Just call me the "Leftover Food Lady"

So, over the weekend, I made several batches of foodstuffs. The mister was incredibly helpful by peeling and shredding 1,001 carrots so that I'd have large amounts at the ready for my recipes.  In my Whole Grain Goodness post, I talked about making quinoa and how the grain can be adapted for many different flavors.  I cooked more than 4 cups of the stuff and left some of it plain in the refrigerator for later batches. 
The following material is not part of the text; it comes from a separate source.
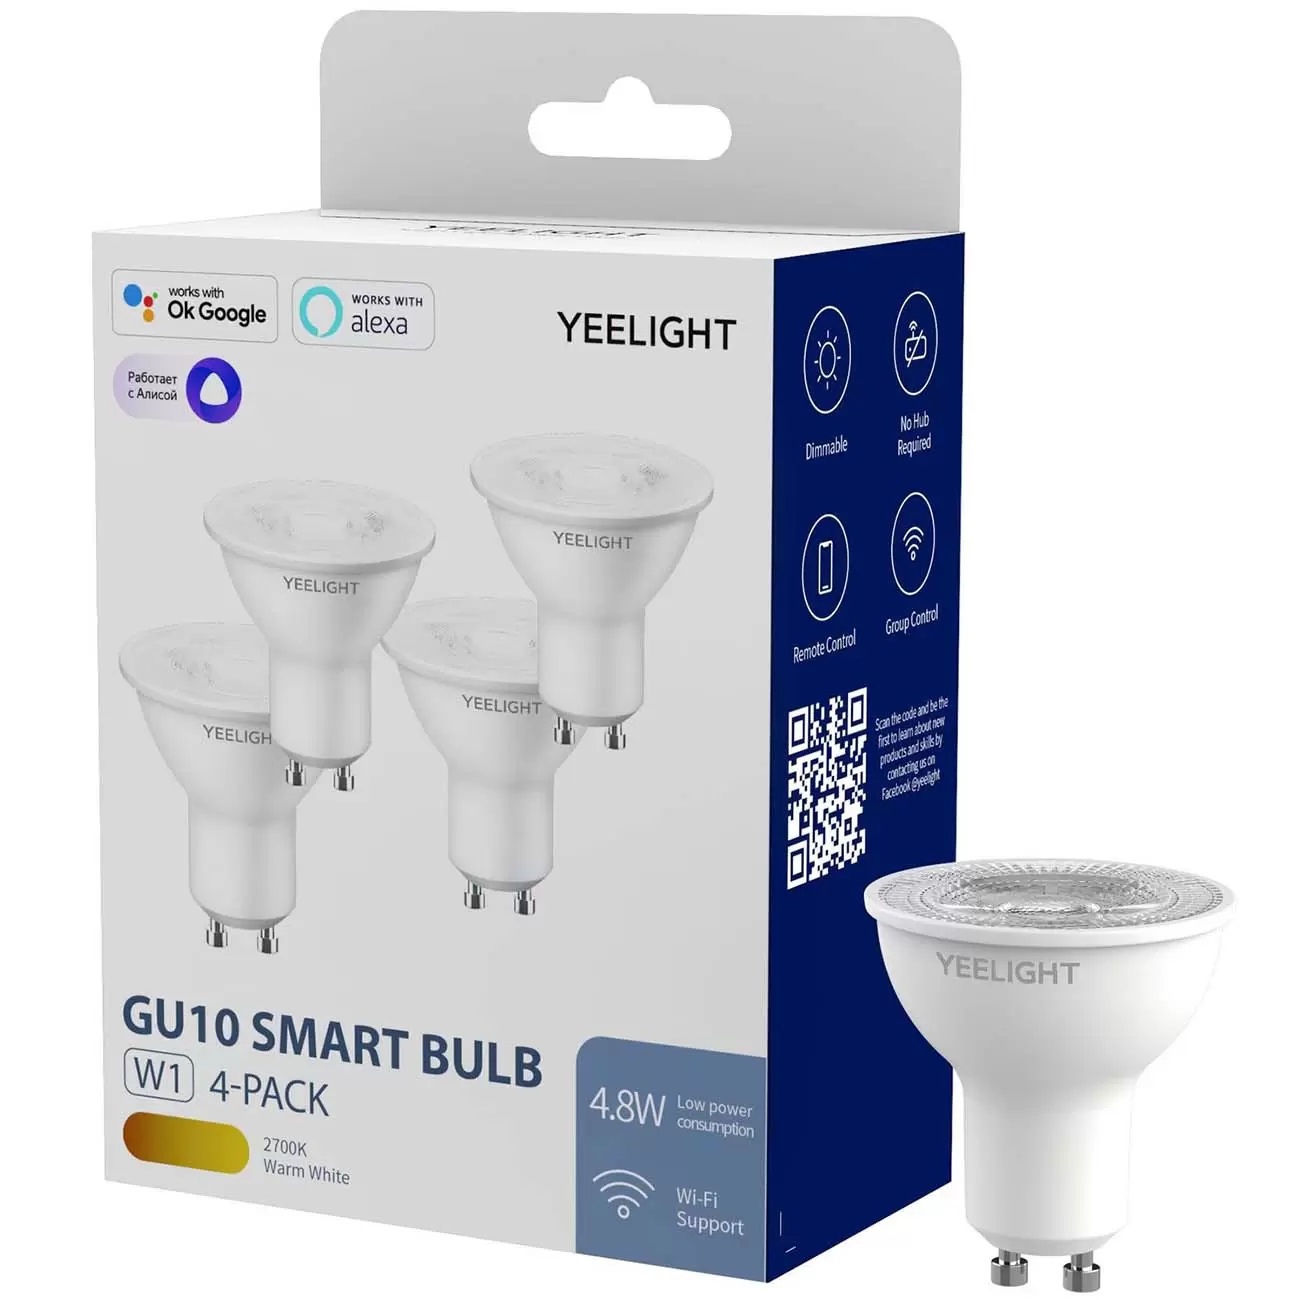 90475818 Лампа светодиодная GU10 Smart Bulb W1 GU10 220 В 4.50 Вт гриб 350 Лм теплый белый свет STLM-0242979 YEELIGHT

The mister sometimes accuses me of making enough dinner for three people--enough for the two of us to enjoy, and then a batch for me to enjoy the next day at my desk.  I am very guilty of doing this. ☺  
Leftovers for Lunch

Well, I made such a large batch of my Mexican-inspired quinoa, that I had plenty leftover for lunches.  I brought this dish with me twice this week. And, I confirmed that it had a nice extra "kick" with the addition of Cholula Chipotle hot sauce.

Here's the recipe for the Mexican-inspired quinoa:
Ingredients:
  • 2 - 3 cups cooked organic quinoa
  • 1 can of organic black beans, drained and rinsed
  • 3 - 4 scallions, cut very small
  • 1 cup of shredded carrots (thanks to the mister!)
  • 1/2 cup fresh corn
  • 2 cups cherry tomatoes, cut in half
  • fresh parsley and cilantro
  • dressing ingredients: canola oil, juice from 1/2 a lime, lime zest, ancho chili powder, honey and the requisite garlic powder, salt and pepper

Combine all ingredients, dress with about 1/3 cup of the dressing. The longer you let the flavors marinate, the better. You can also add goat cheese just before serving for another layer of flavor.

Later in the week, I used the plain quinoa to make a Mediterranean-inspired dish for dinner. The mister and I enjoy quite a bit of it and...surprise...I brought leftovers for lunch. This dish uses feta cheese; we have been on a feta kick recently. Well, it's been a longtime kick--going on several months.  The Mediterranean dish uses herbs and flavors well known to food from that region of the world. 
Mediterranean quinoa salad

Mediterranean-inspired Quinoa
Ingredients:
  • 2 - 3 cups cooked organic quinoa
  • 1 can of organic garbanzo beans (chickpeas), drained and rinsed
  • 1 1/2 cups of shredded carrots
  • 1/2 cup of crumbled feta cheese
  • fresh parsley
  • dressing ingredients: extra virgin olive oil, juice from 1/2 a lemon, lemon zest, fresh dill, honey and the requisite garlic powder, salt and pepper

Combine all ingredients and dress with 1/2 cup of dressing (I like to use more dressing on this dish b/c there are fewer ingredients).  Enjoy! Enjoy! Enjoy!

In the case of both dishes, if you omit honey and the cheese, you will have a completely vegan dish.